NYX-458 and cognition

Aptinyx‘s investigational oral compound NYX-458 was able to ease cognitive difficulties in a non-human primate model of Parkinson’s disease, including attention, working memory and executive thinking, a study reports.

Its findings also suggest that NYX-458 — now in a Phase 2 clinical trial (NCT04148391) enrolling patients across the U.S. — does not interfere with levodopa treatment.

The study, “NYX‐458 improves cognitive performance in a primate Parkinson’s disease model,” was published in Movement Disorders.

Although Parkinson’s is often classified as a movement disorder, non-motor symptoms of the disease can have a major impact. For instance, as many as a quarter of people with Parkinson’s meet the criteria for at least mild cognitive impairment when they are diagnosed, and this frequency increases to around 80% after years with the disease.

Parkinson’s is characterized by a loss of dopamine-producing neurons in the brain. One of dopamine’s many functions is to regulate a protein called N-methyl-D-aspartate receptor (NMDAR).
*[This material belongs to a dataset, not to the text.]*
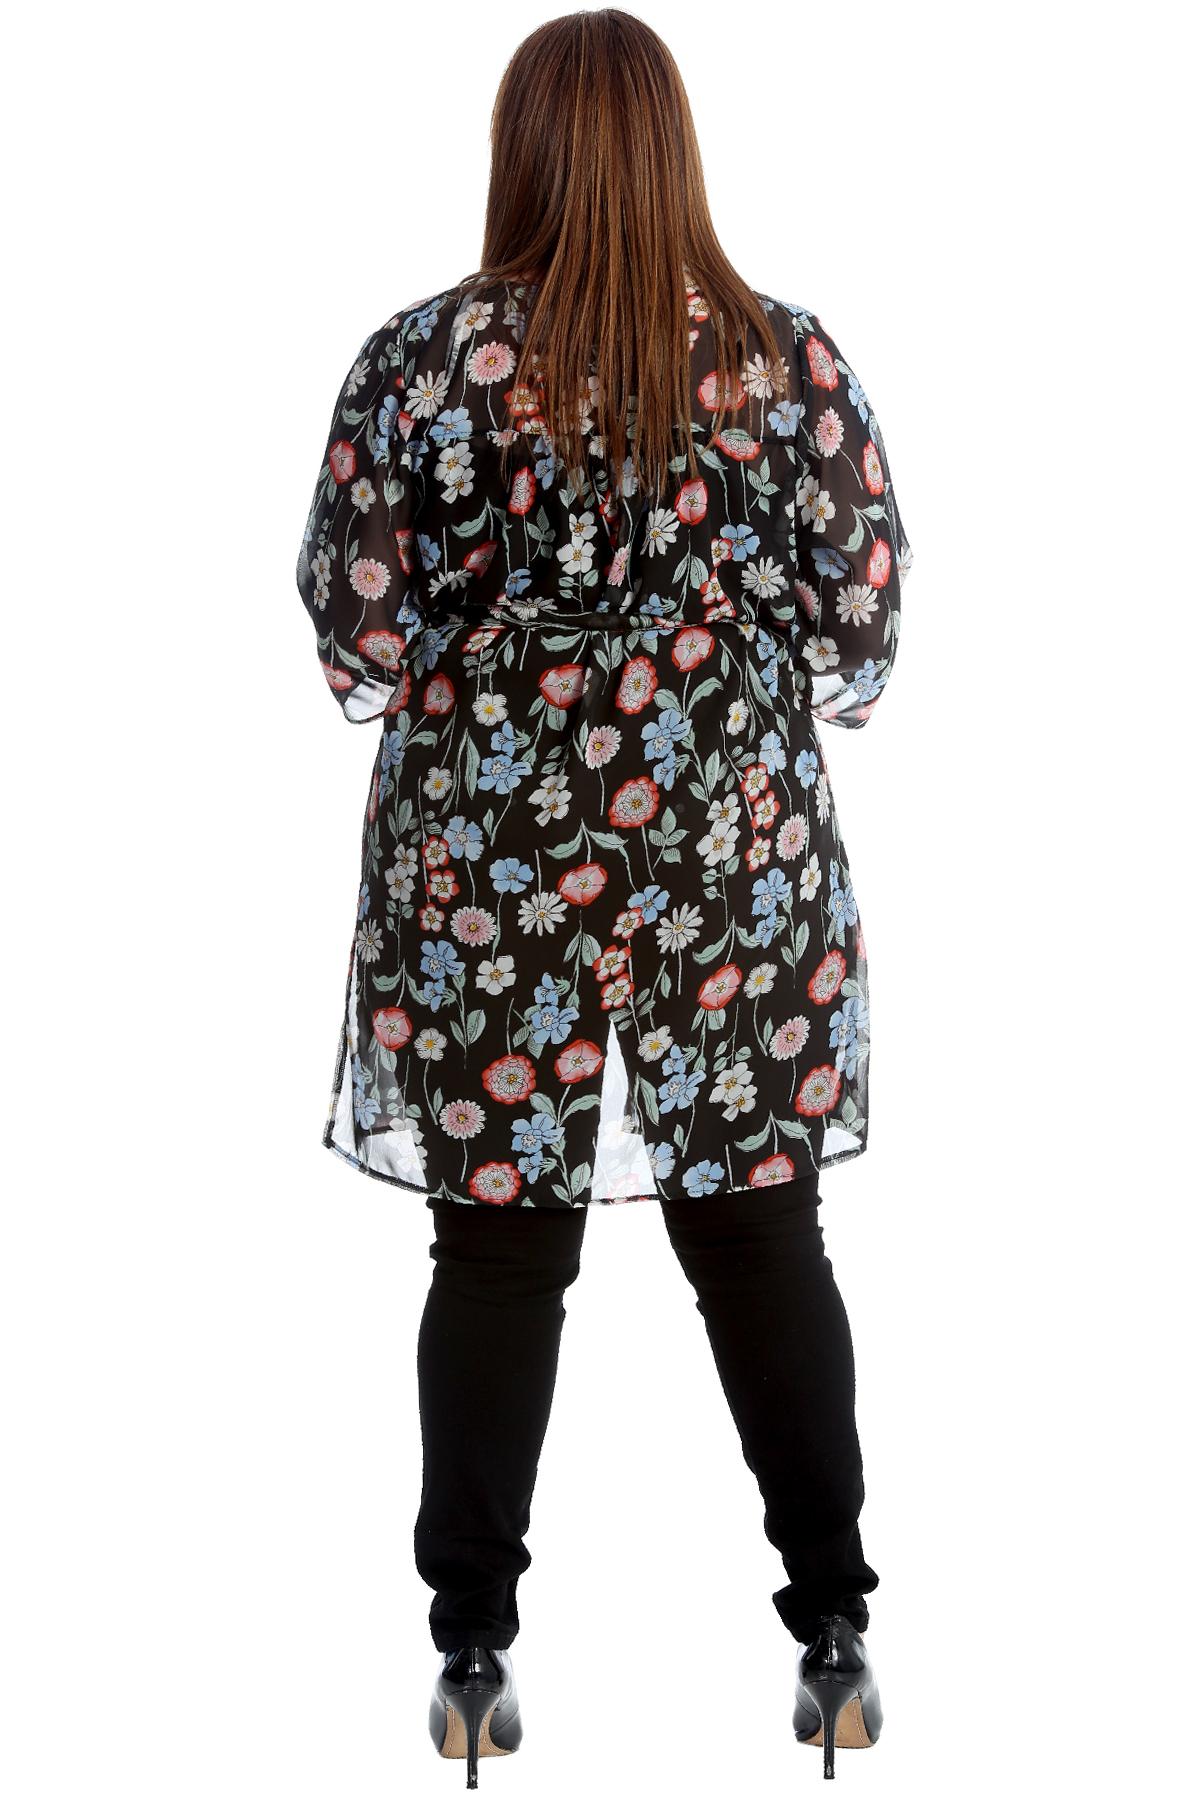 neue frauen bergr e strickjacke damen chiffon blumen druck krawatte vorne lang ebay. Black Bedroom Furniture Sets. Home Design Ideas

It is believed that dysregulation of NMDAR, as a result of dopamine’s lack, contributes to cognitive impairment in Parkinson’s disease.

NYX-458 was designed to modulate NMDAR activity to correct this problem.
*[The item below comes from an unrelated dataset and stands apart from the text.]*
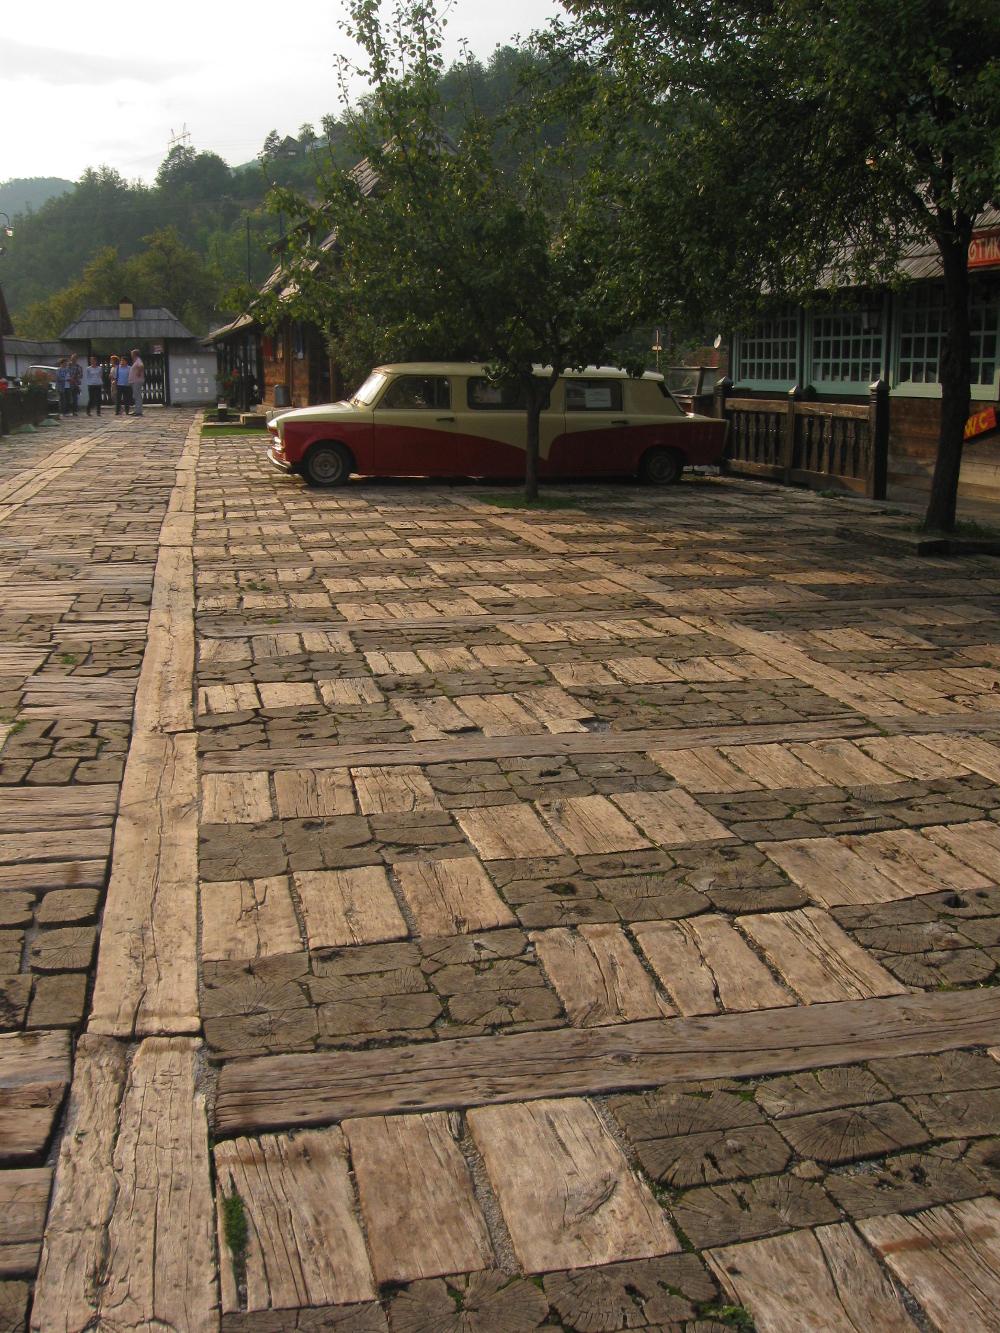 Interesantno rešenje popločavanja u Drvengradu

Researchers evaluated NYX-458 in a non-human primate (macaque) model of Parkinson’s disease. In this model, cognitive defects are induced with low doses of the neurotoxin MPTP, which selectively damages the same kind of dopamine-producing neurons that are lost in Parkinson’s.

Notably, this model has “a minimal impact on motor function,” the researchers wrote. This is important because of how cognitive impairment was measured in the study: the animals were trained to complete learning/memory tasks to get a food reward, and the researchers measured things like how quickly the animals learned and how often they completed the tasks correctly. These tasks invariably involve movement (like having a monkey point at a particular image). So, the MPTP model allowed assessment of cognitive impairment with minimal motor interference.
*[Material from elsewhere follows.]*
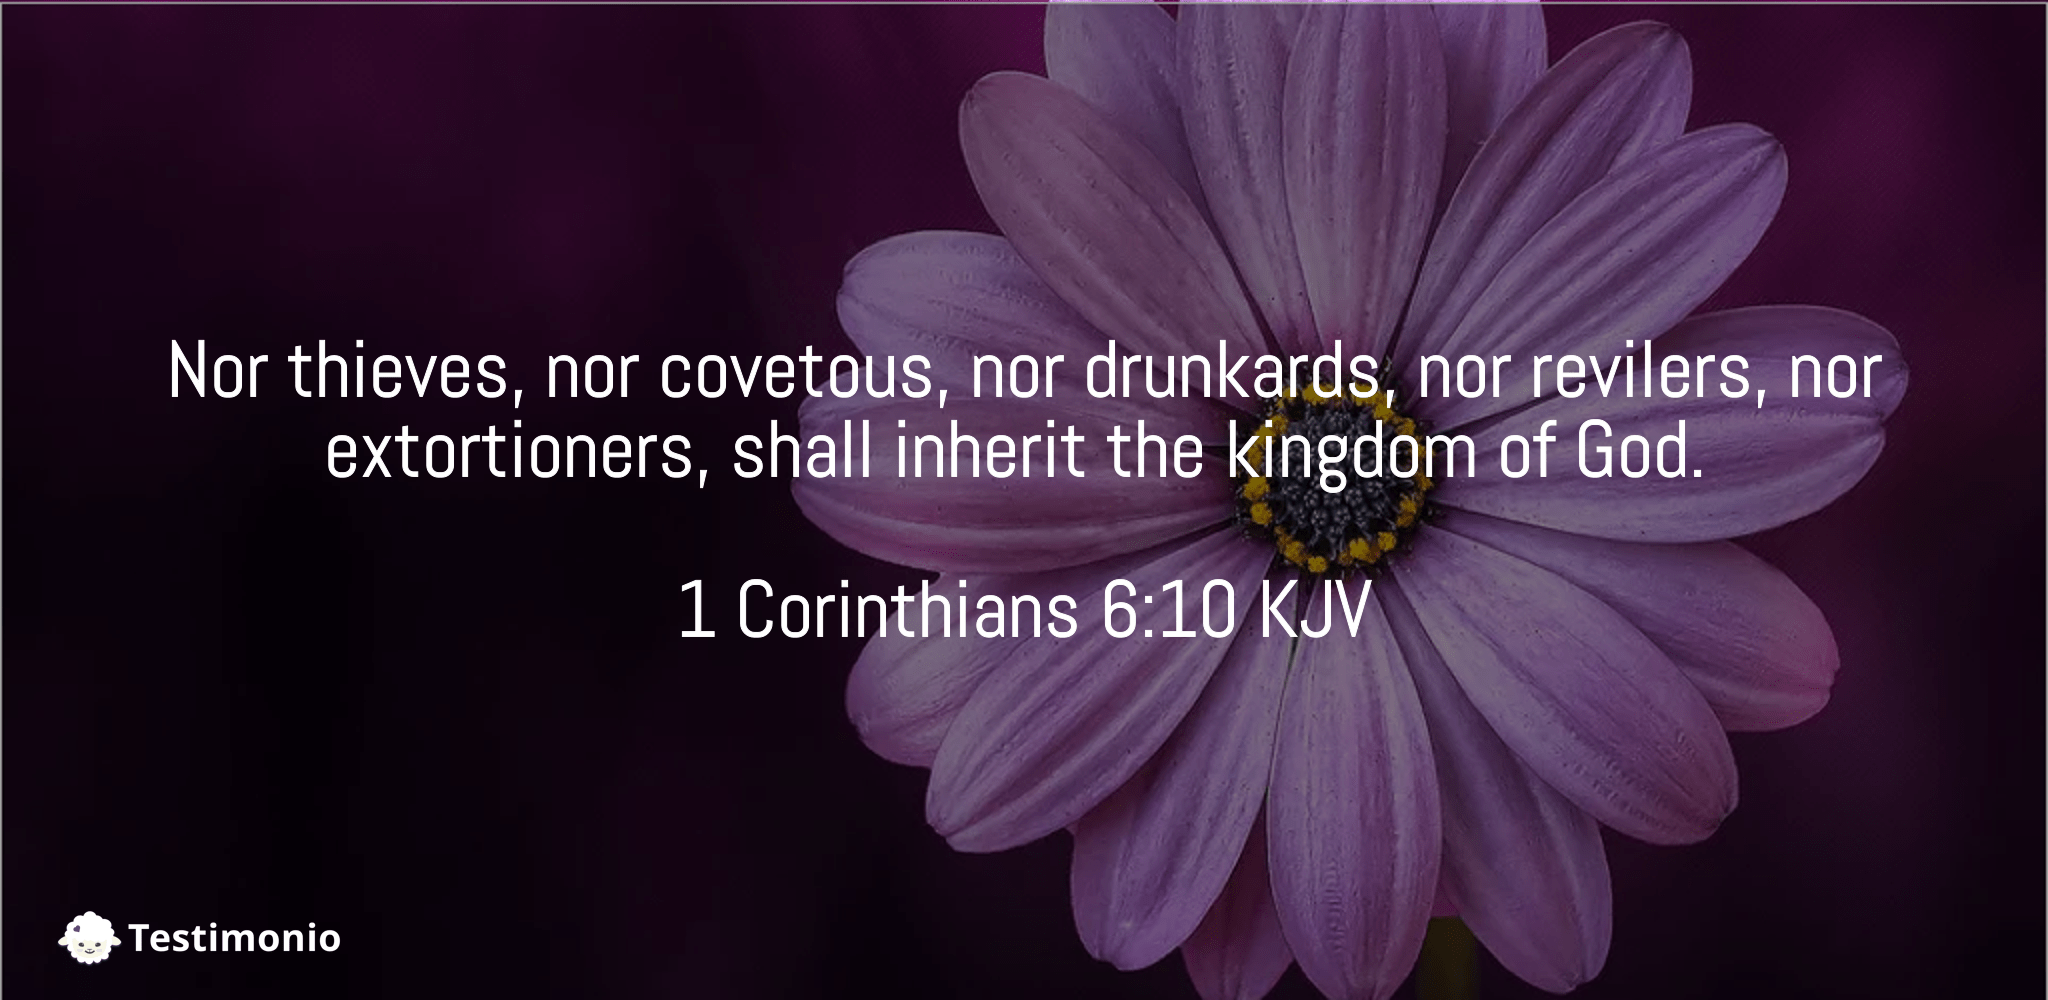 1 Corinthians 6:10

The researchers first confirmed that MPTP was inducing cognitive impairment as expected. Then, the animals were given a single oral dose (0.03 mg/kg) of NYX-458.

Significant improvements in scores on the cognitive tasks (“across the domains of attention, working memory, and executive function”) were seen, and “occurred as early as 24 hours postdosing and continued for at least 3 weeks after a single dose,” the researchers wrote.

Subsequent doses of NYX-458 (0.03 mg/kg for 26 days following the first dose, and 0.1 mg/kg for 39 days following the first dose) resulted in further improvement over time.

The monkeys were then re-administered the neurotoxin, which again worsened their cognitive abilities. Subsequent NYX-458 treatment at a higher dose (0.1 mg/kg after MPTP reuse, and 1.0 mg/kg two weeks later), again eased evident impairment.

Animals that showed consistent improvements in the previous experiments next underwent a ‘washout’ period, allowing their cognitive scores to drop back to near pre-NYX-458 levels. They were then given NYX-458 daily (1.0 mg/kg) for 10 consecutive days. Cognitive improvements were seen as long as three months following this treatment round.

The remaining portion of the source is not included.